Ebadur Rahman is a Bengali novelist and award-winning filmmaker.

== Biography ==
Ebadur Rahman curated Bangladeshi artists including Ronni Ahmmed at the 14th and 15th edition of the Open International Exhibition of Sculpture and Installations in Venice, Lido and in the San Servolo Island.

Ebadur Rahman's directorial debut Atrocity Exhibition premiered in the Short Film Corner of the Festival de Cannes, 2013.

== Works ==

=== Alpha ===
Ebadur Rahman co-wrote the screenplay for the feature-length film Alpha, which Bangladesh has selected as its submission for the international feature film category at the 2020 Oscars.
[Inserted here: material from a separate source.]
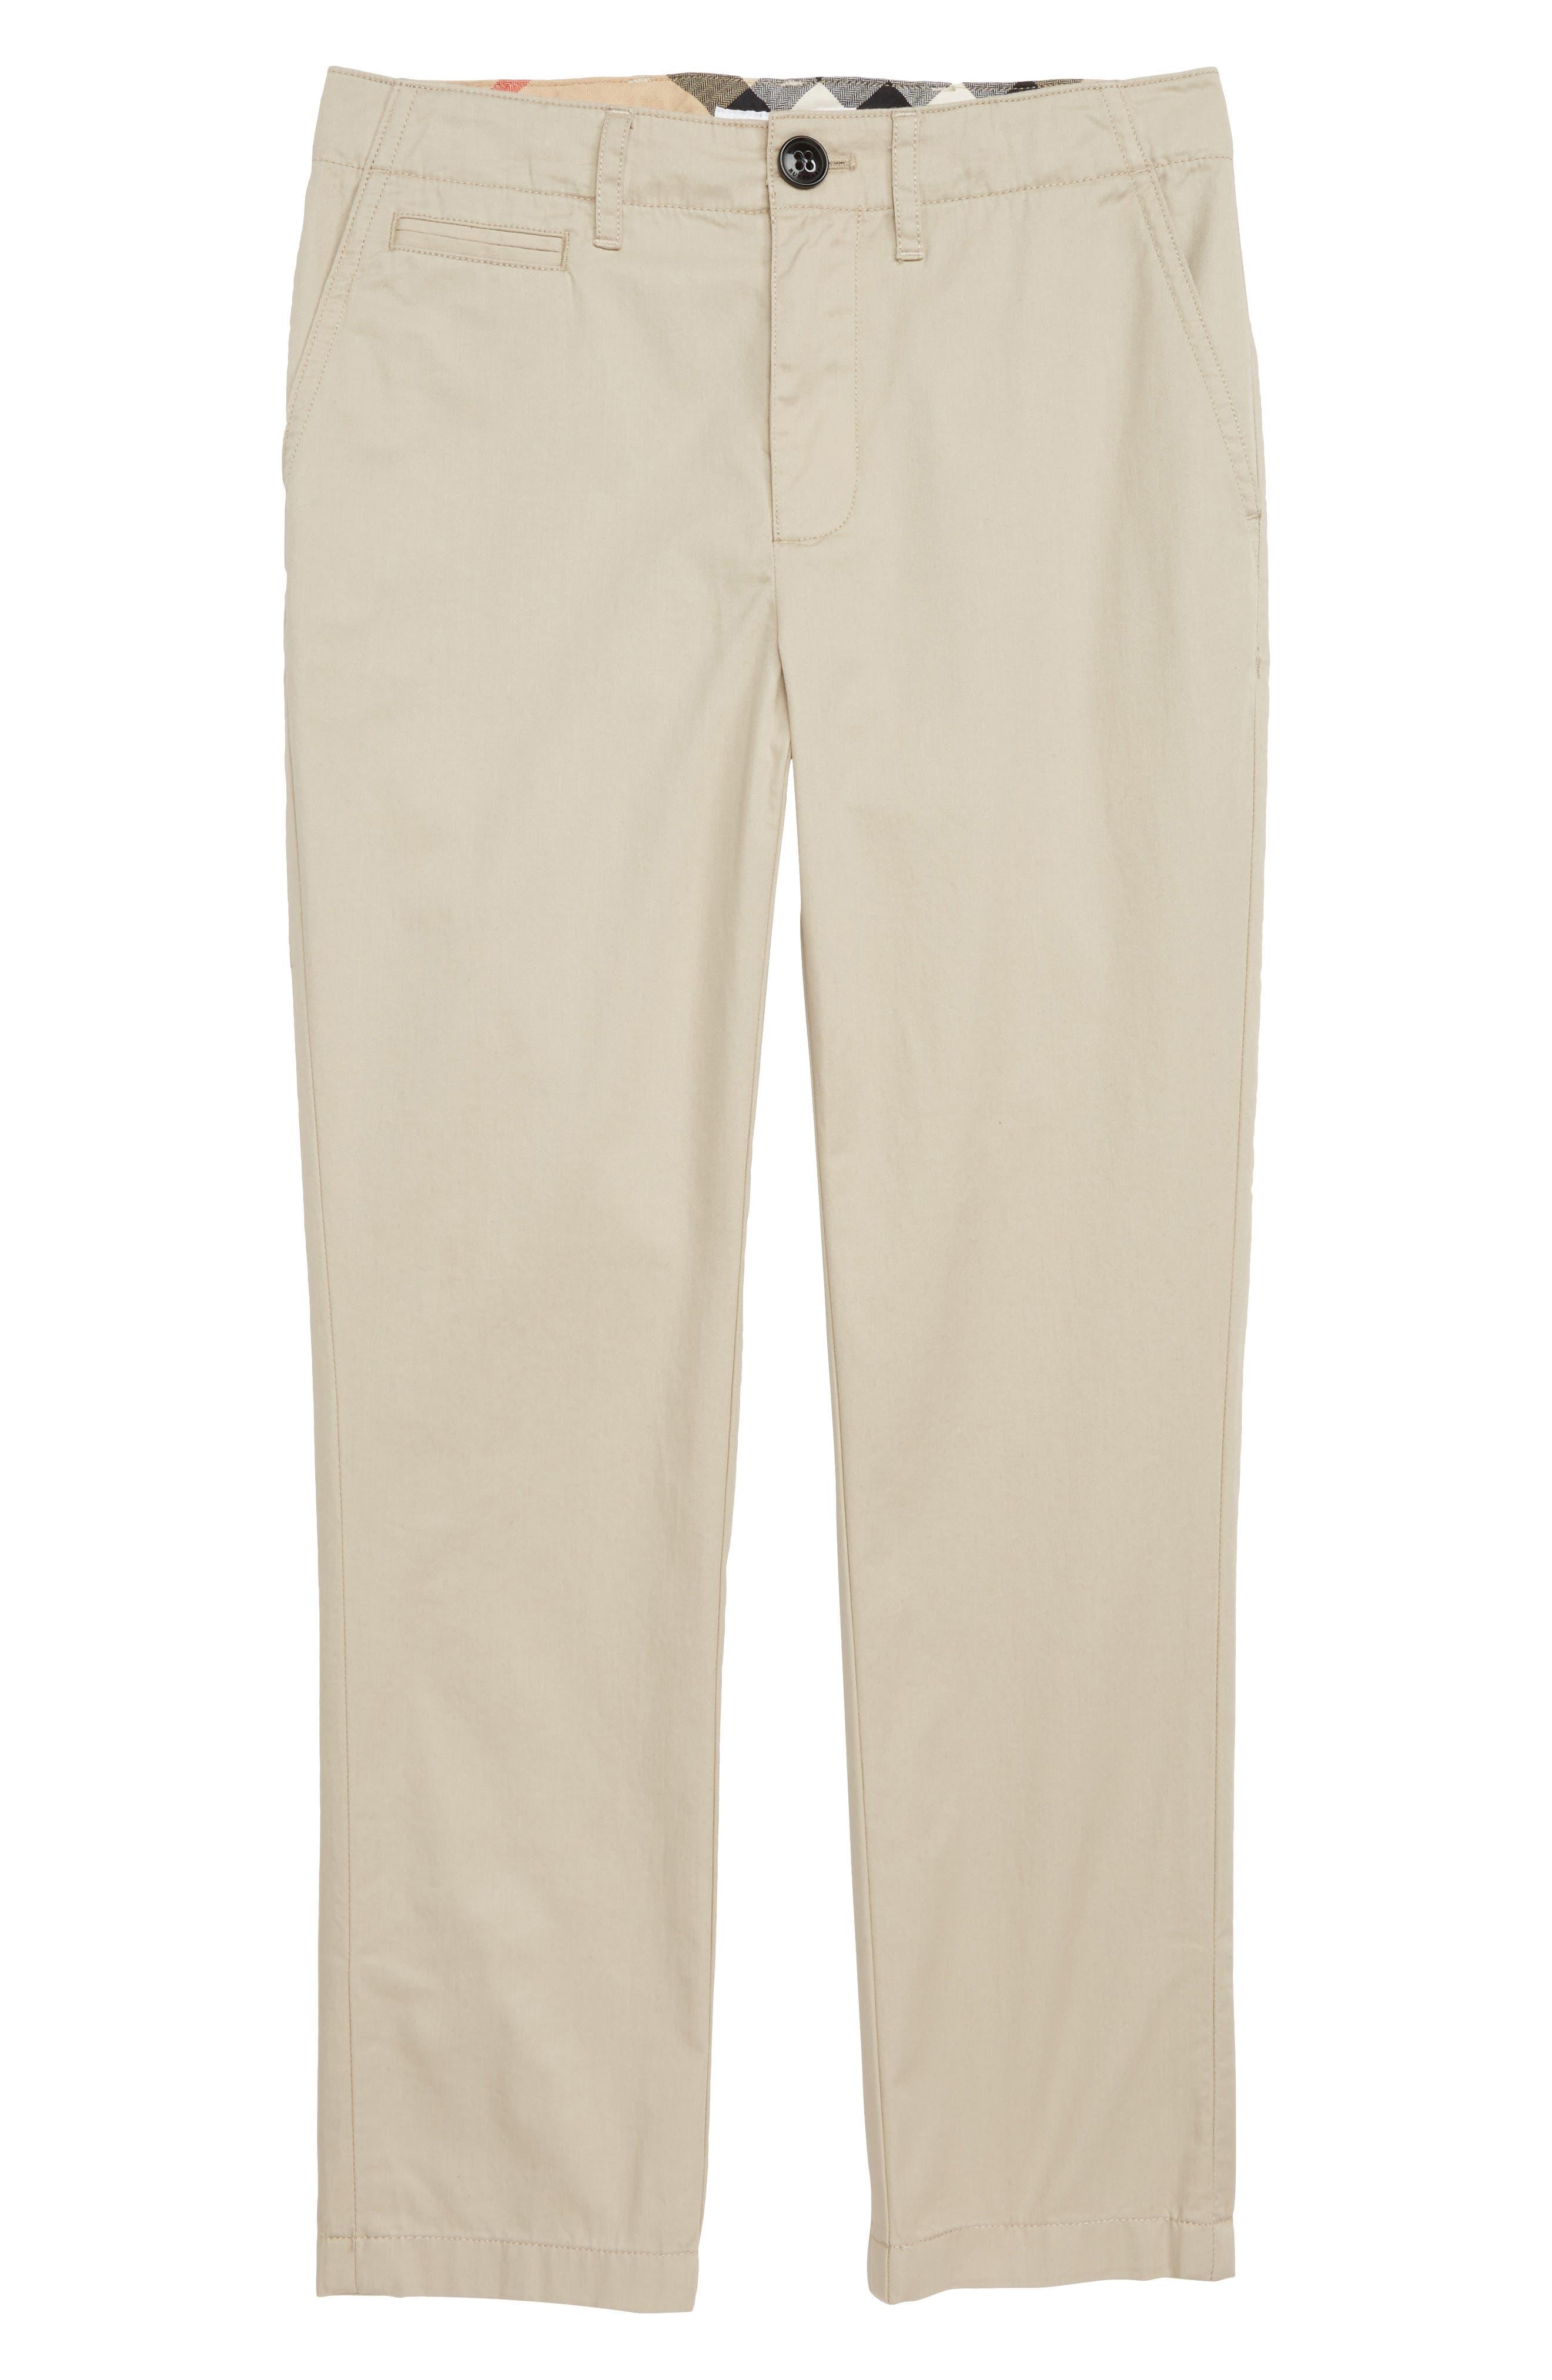 Kids Teo Trousers,                             Main thumbnail 1, color,                             GREY STONE

=== Atrocity Exhibition ===
Ebadur Rahman's directorial debut Atrocity Exhibition premiered in the Short Film Corner of the Festival de Cannes, 2013.

=== Guerilla ===
The film Guerrilla received ten Jatio Chalachitra Purushkar or National Awards, two of which were for the screenplay and dialog written by Ebadur Rahman and his co-writer Nasiruddin Yusuf. Because of a disagreement with the director Ebadur Rahman left Guerrilla during the production.

=== Meherjaan ===
Ebadur Rahman wrote the initial screenplay for the feature-length film, Meherjaan, but he left the project because of creative differences.